Records for this task —
________

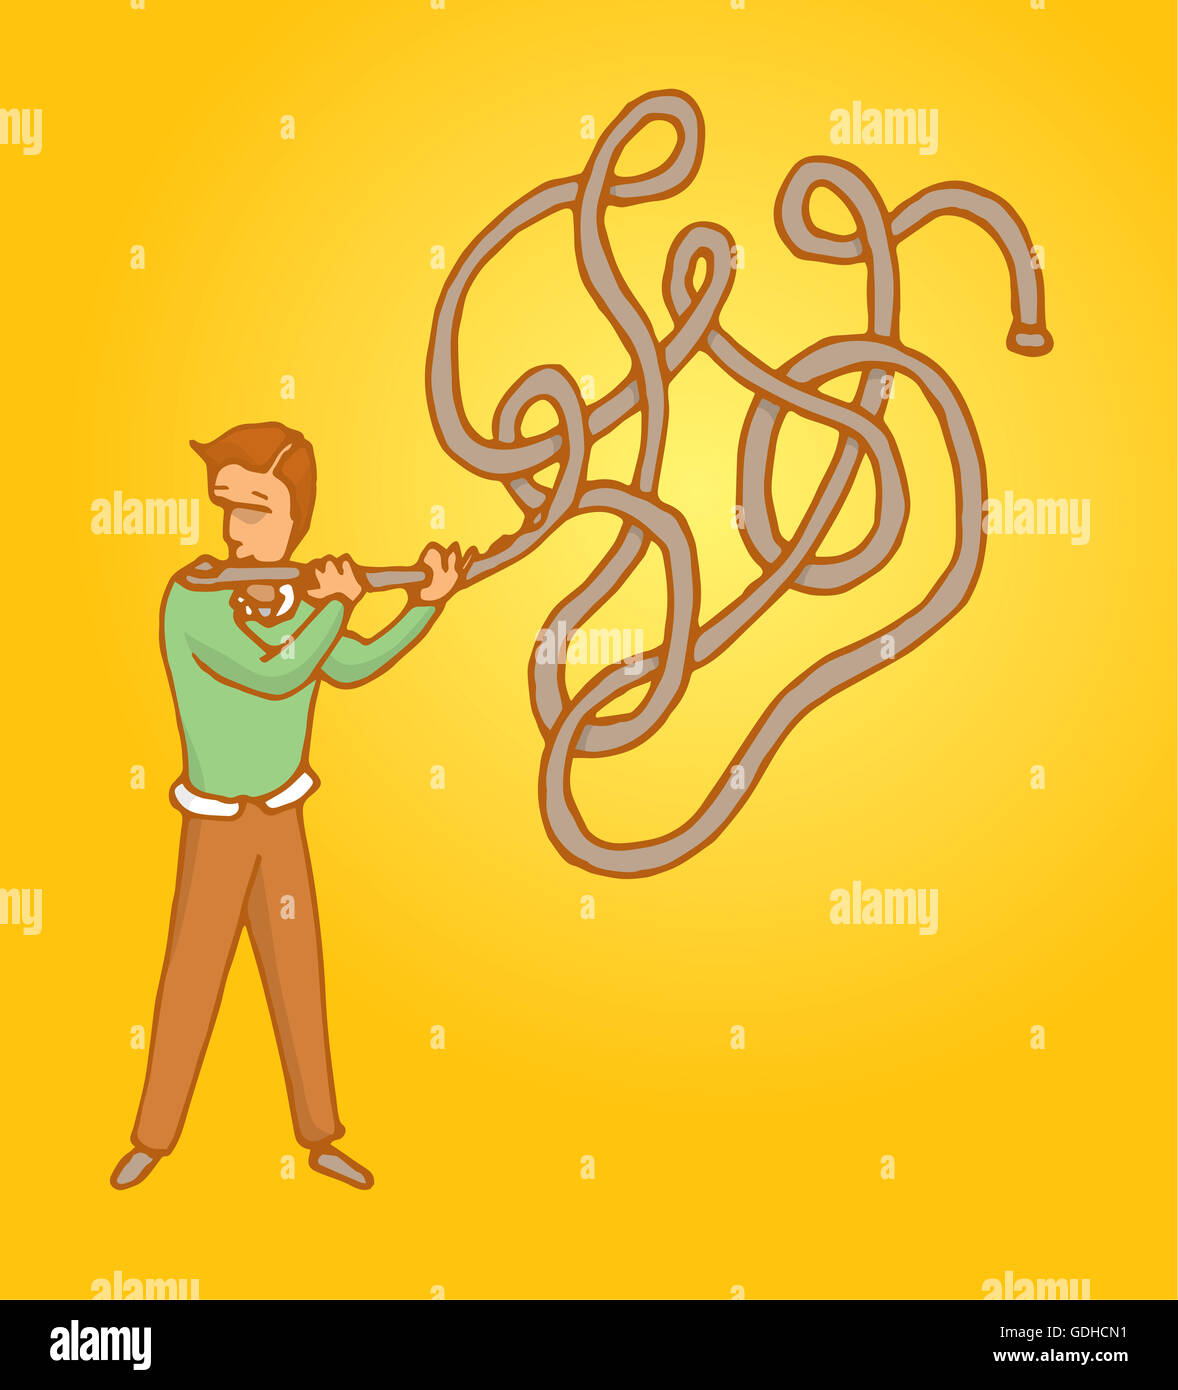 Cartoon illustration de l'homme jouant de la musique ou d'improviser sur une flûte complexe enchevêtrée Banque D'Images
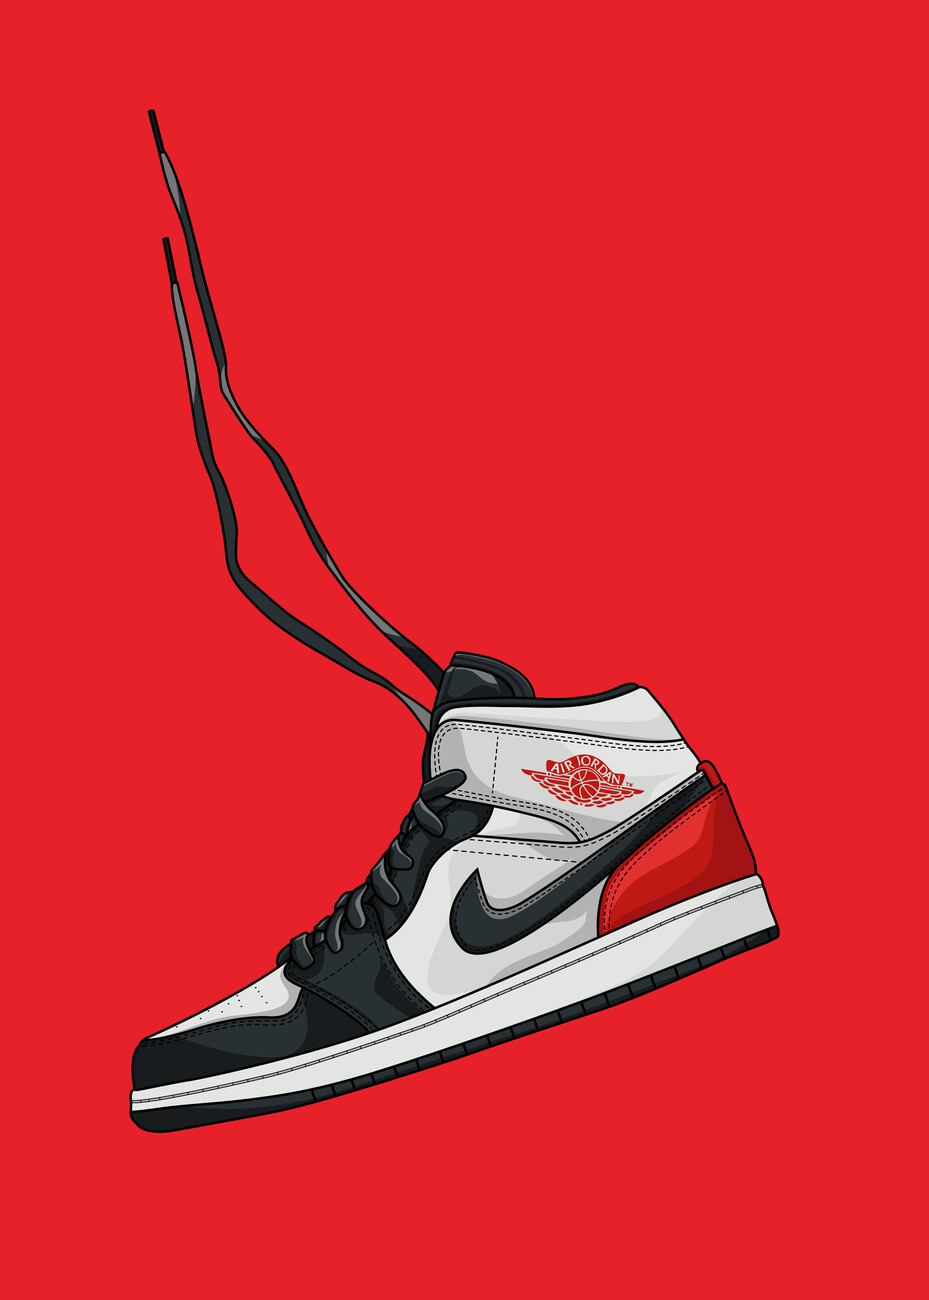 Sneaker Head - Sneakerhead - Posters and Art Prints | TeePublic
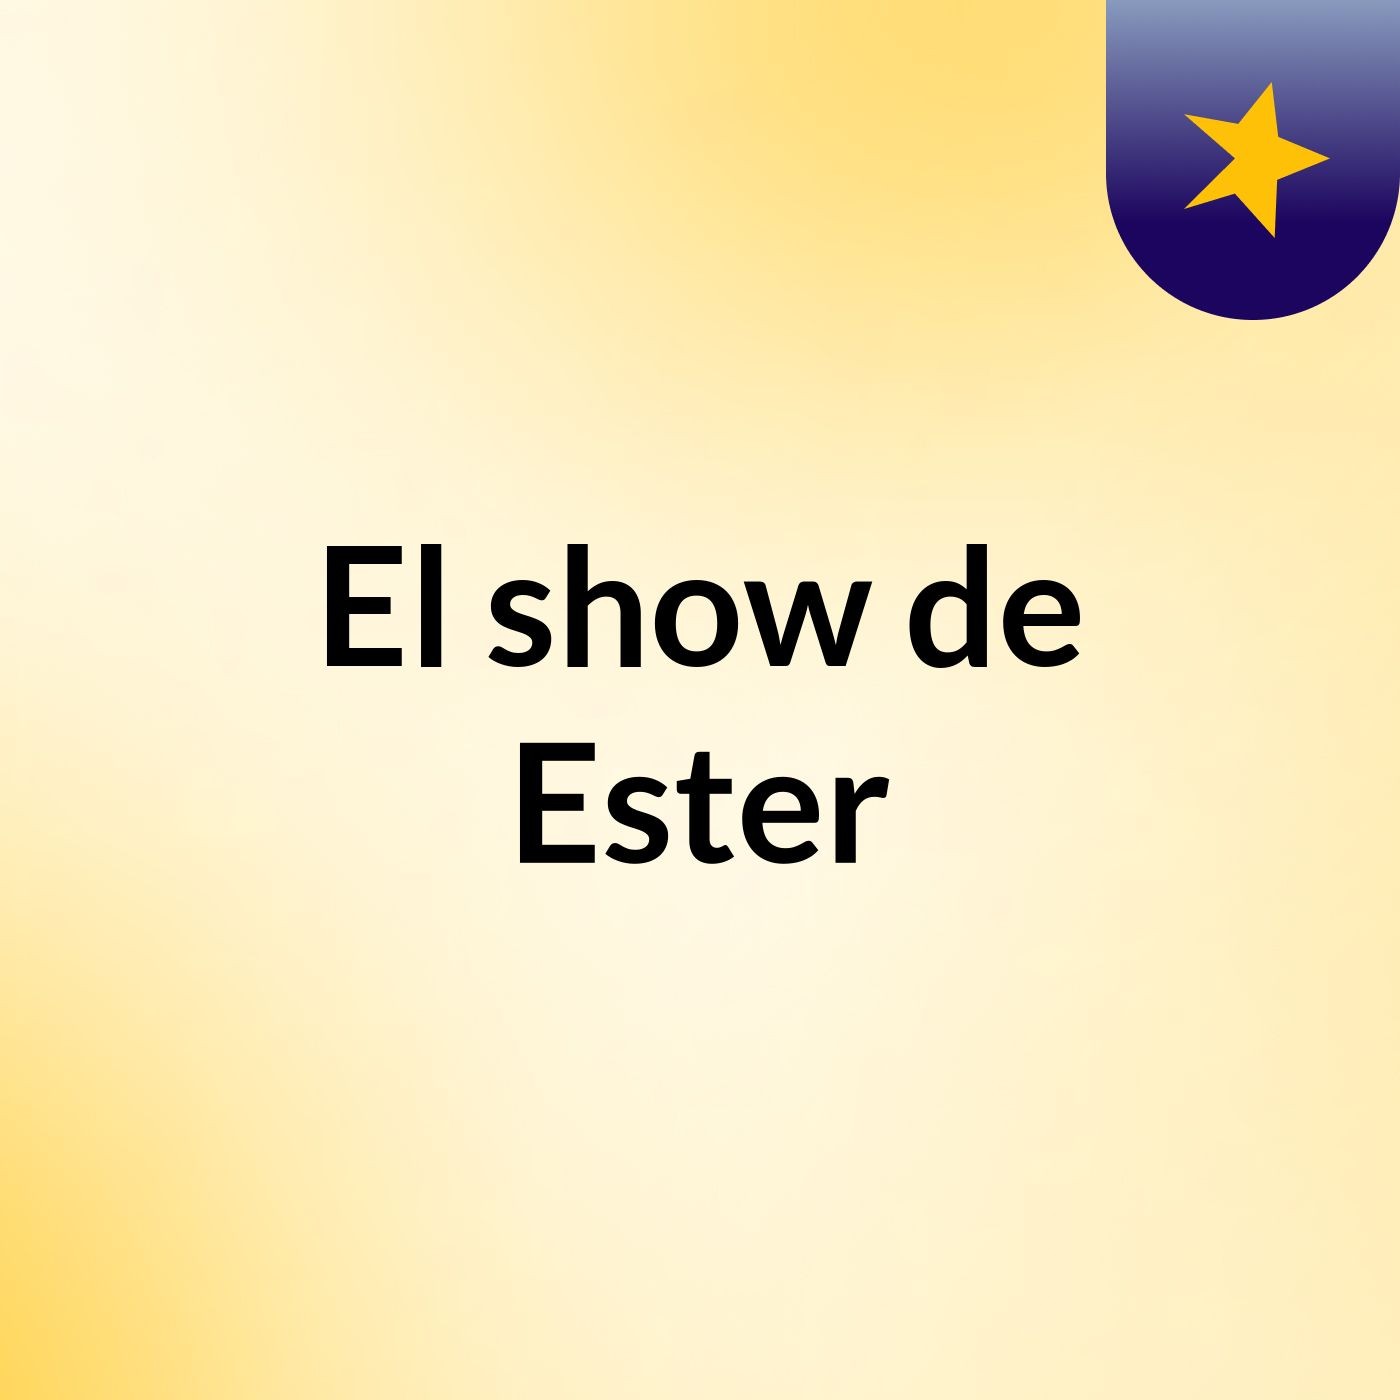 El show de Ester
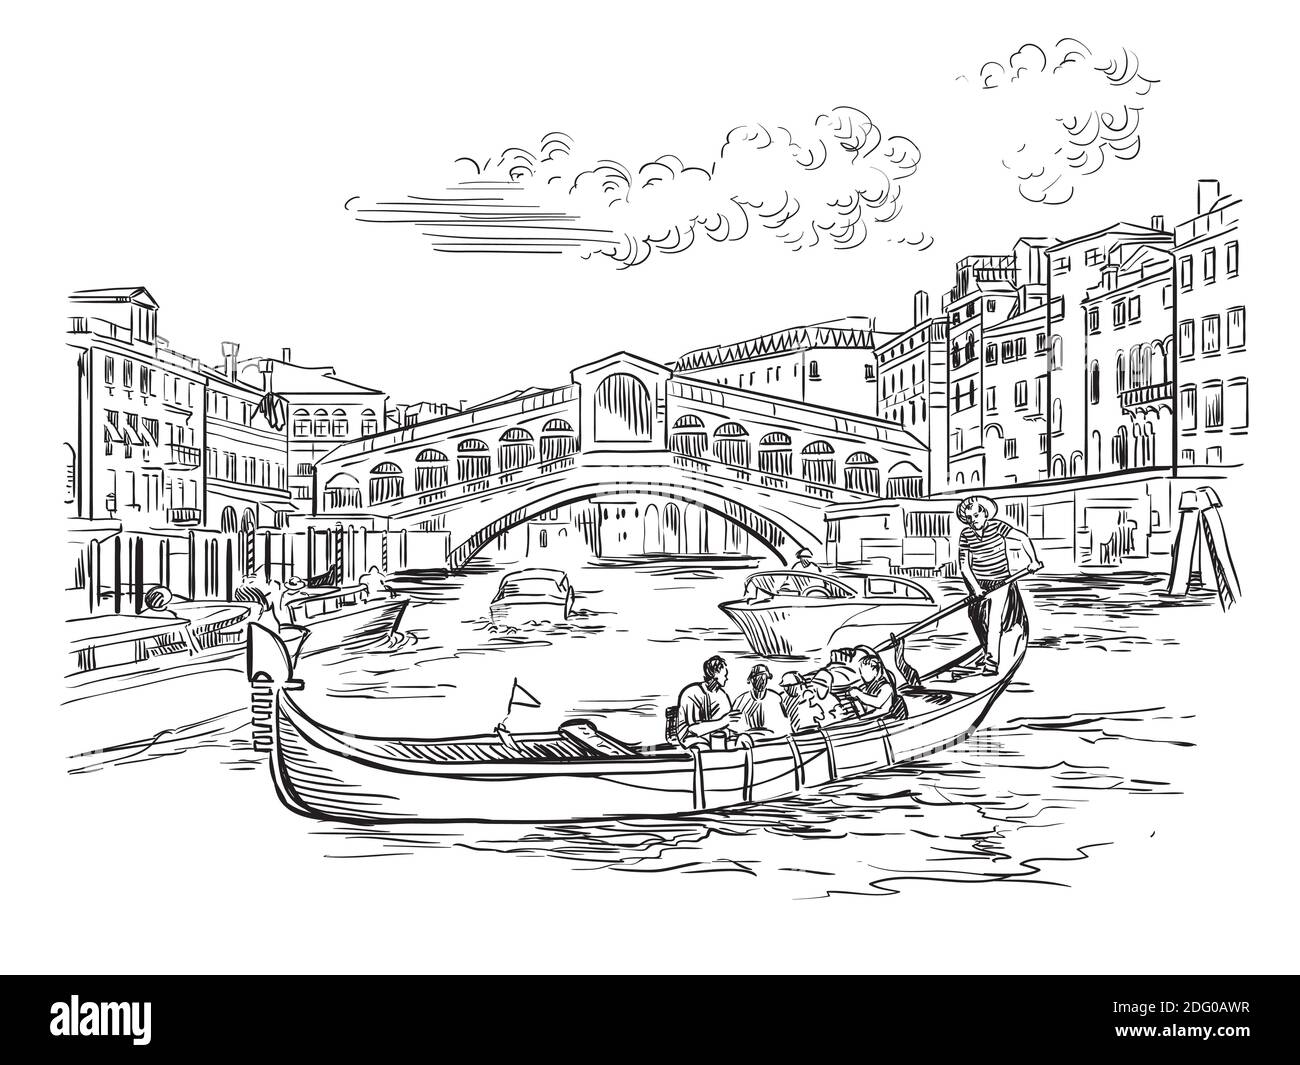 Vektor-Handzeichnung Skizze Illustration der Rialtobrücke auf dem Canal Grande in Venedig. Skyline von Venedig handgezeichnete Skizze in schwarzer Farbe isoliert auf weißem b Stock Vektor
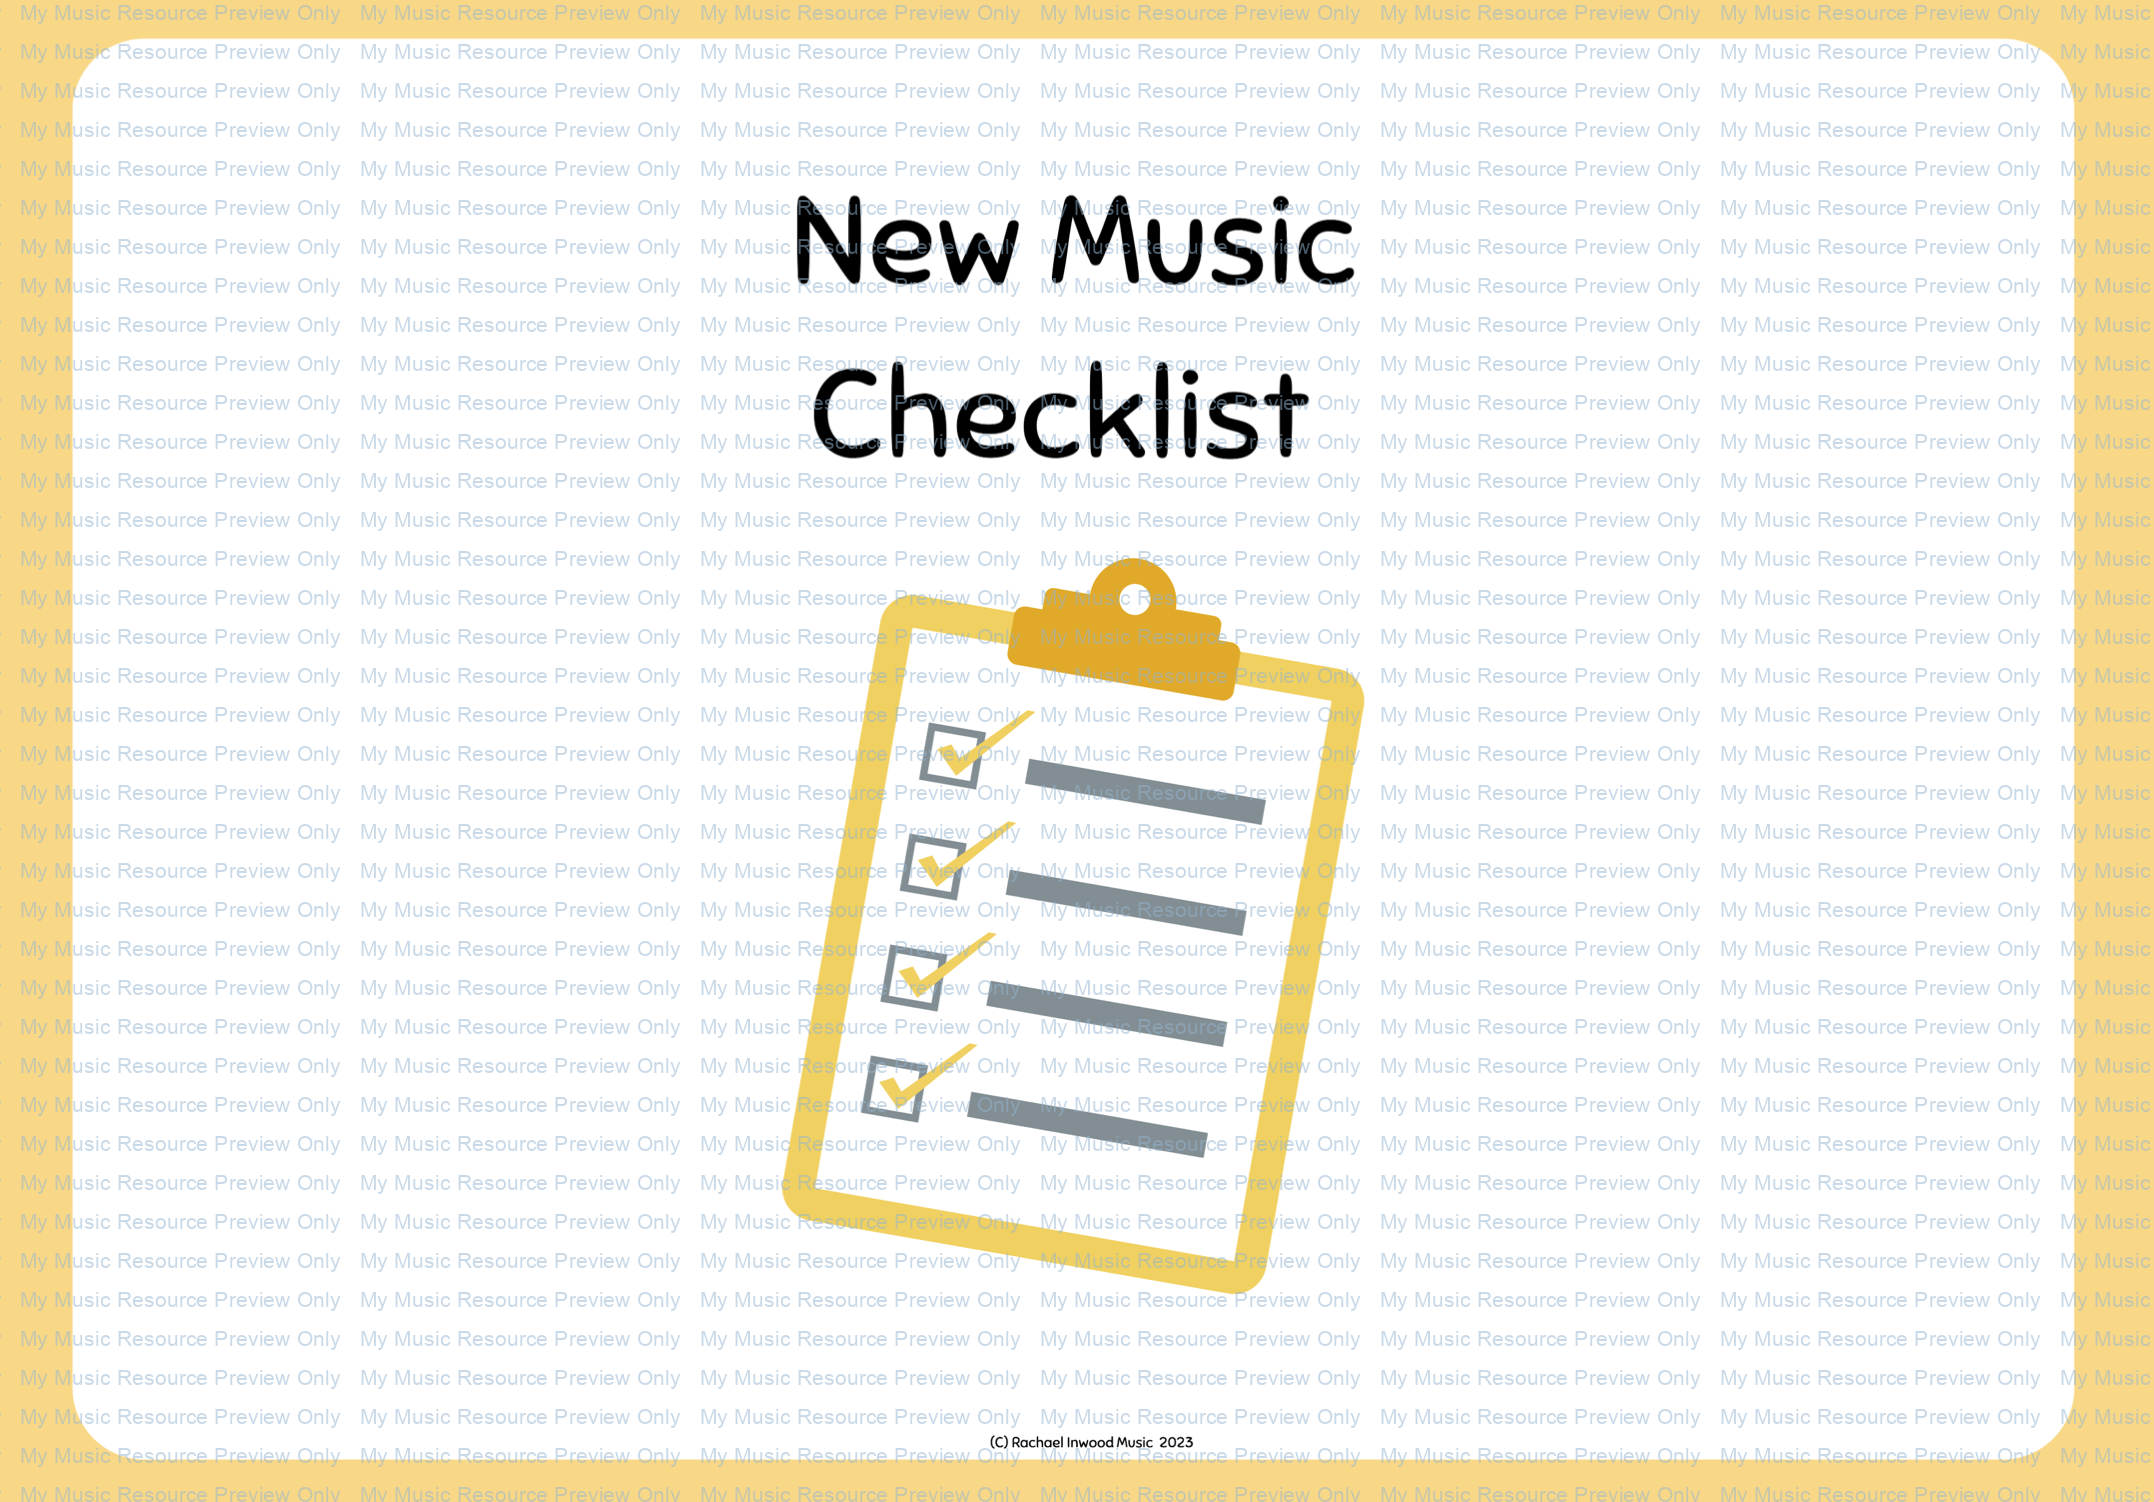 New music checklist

________

What is needed —
Write out everything in the data word for word. Omit each picture.

Answer to this exercise —
 Cartoon illustration de l'homme jouant de la musique ou d'improviser sur une flûte complexe enchevêtrée Banque D'Images
 Sneaker Head - Sneakerhead - Posters and Art Prints | TeePublic
 El show de Ester
 Vektor-Handzeichnung Skizze Illustration der Rialtobrücke auf dem Canal Grande in Venedig. Skyline von Venedig handgezeichnete Skizze in schwarzer Farbe isoliert auf weißem b Stock Vektor
 New music checklist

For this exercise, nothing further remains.